Take the records below and set down exactly the lines from the one with "Camere Oscure Cuneo" to the one with "Toyouth Estilo Britânico", ends included; do not copy the pictures.
[Opening EXERCISE INPUT section]
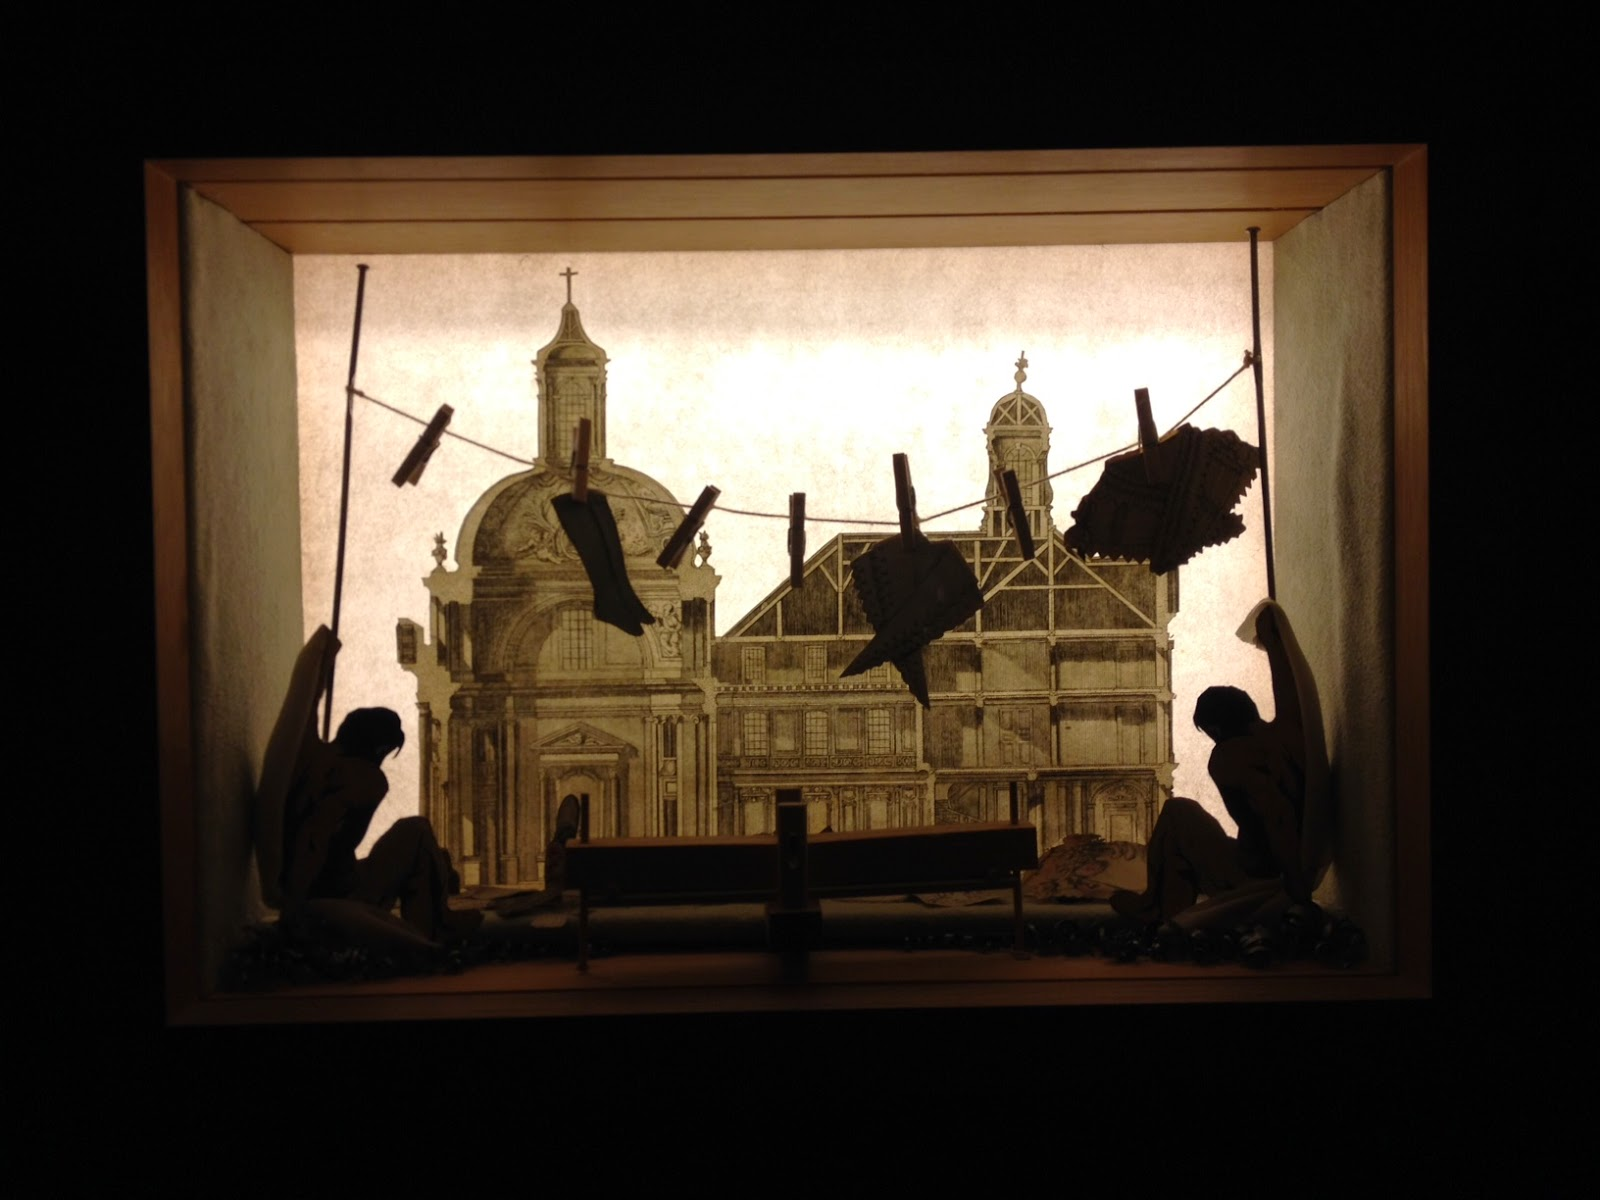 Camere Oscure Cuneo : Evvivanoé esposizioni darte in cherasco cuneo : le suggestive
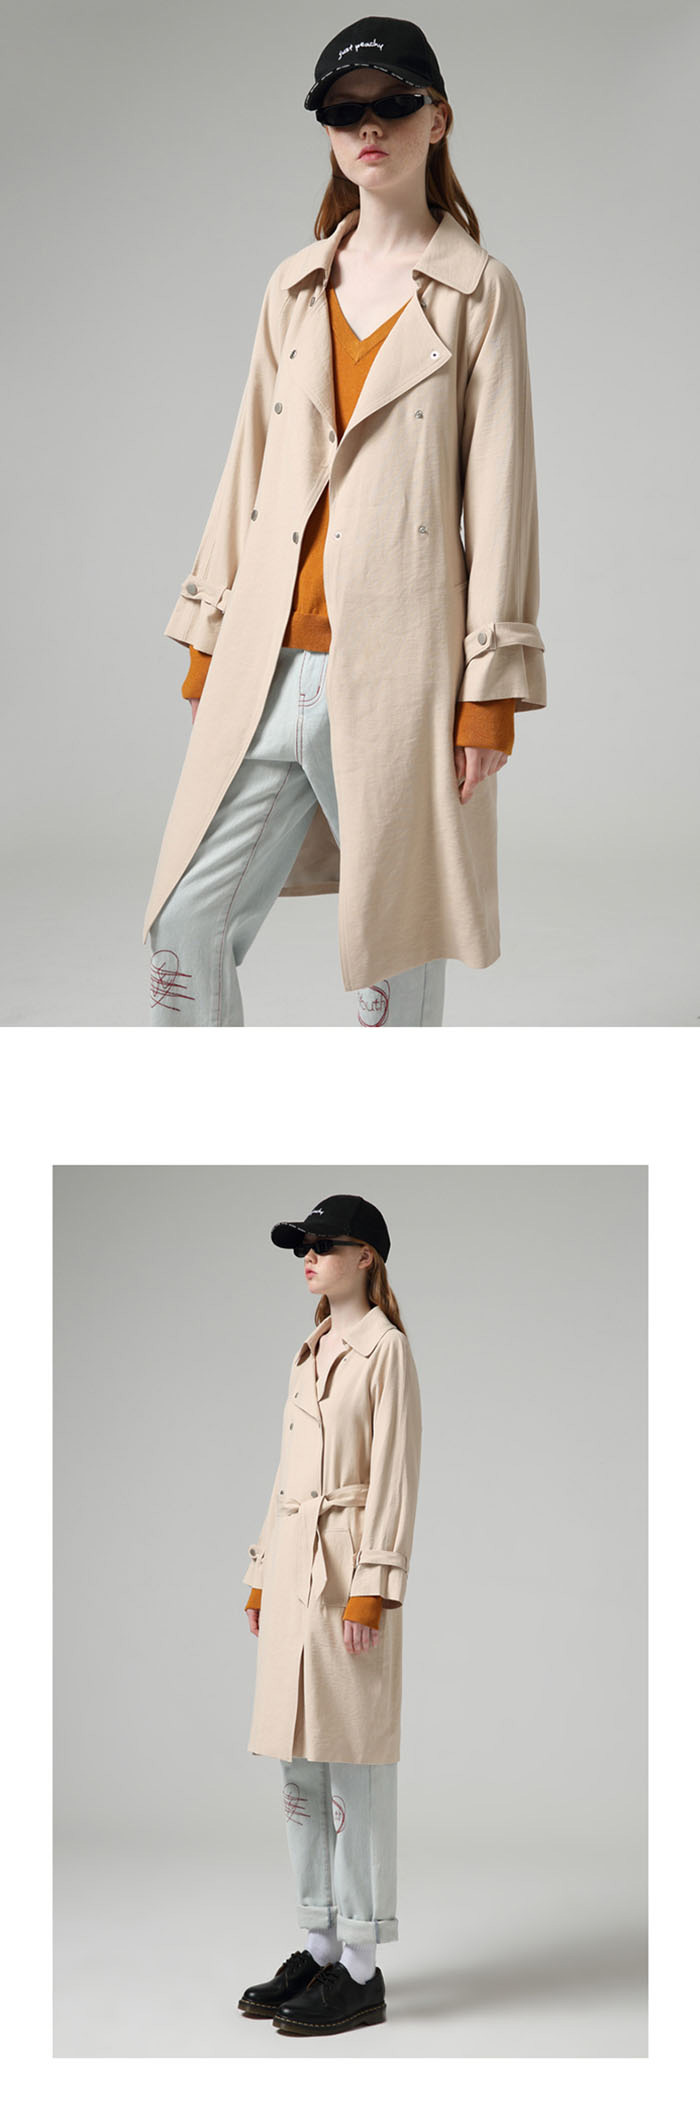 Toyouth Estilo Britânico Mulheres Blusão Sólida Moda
[Closing EXERCISE INPUT section]
[Opening EXERCISE INPUT section]
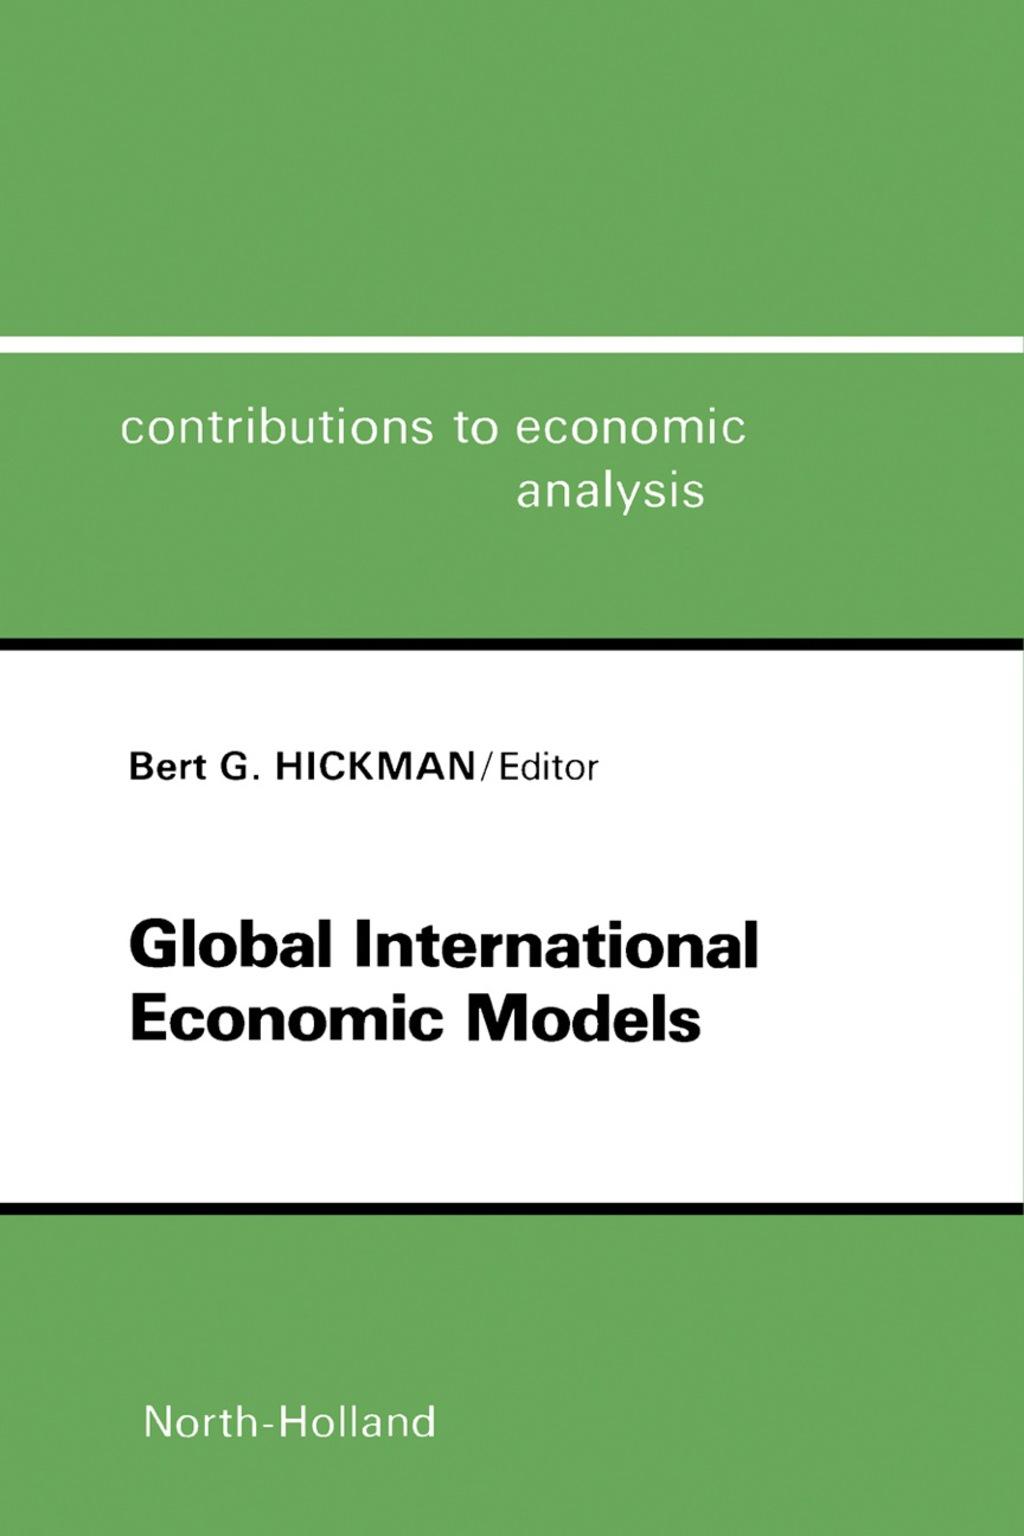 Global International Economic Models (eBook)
[Closing EXERCISE INPUT section]
• _RESULT OF THE EXERCISE_:
 Camere Oscure Cuneo : Evvivanoé esposizioni darte in cherasco cuneo : le suggestive
 Toyouth Estilo Britânico Mulheres Blusão Sólida Moda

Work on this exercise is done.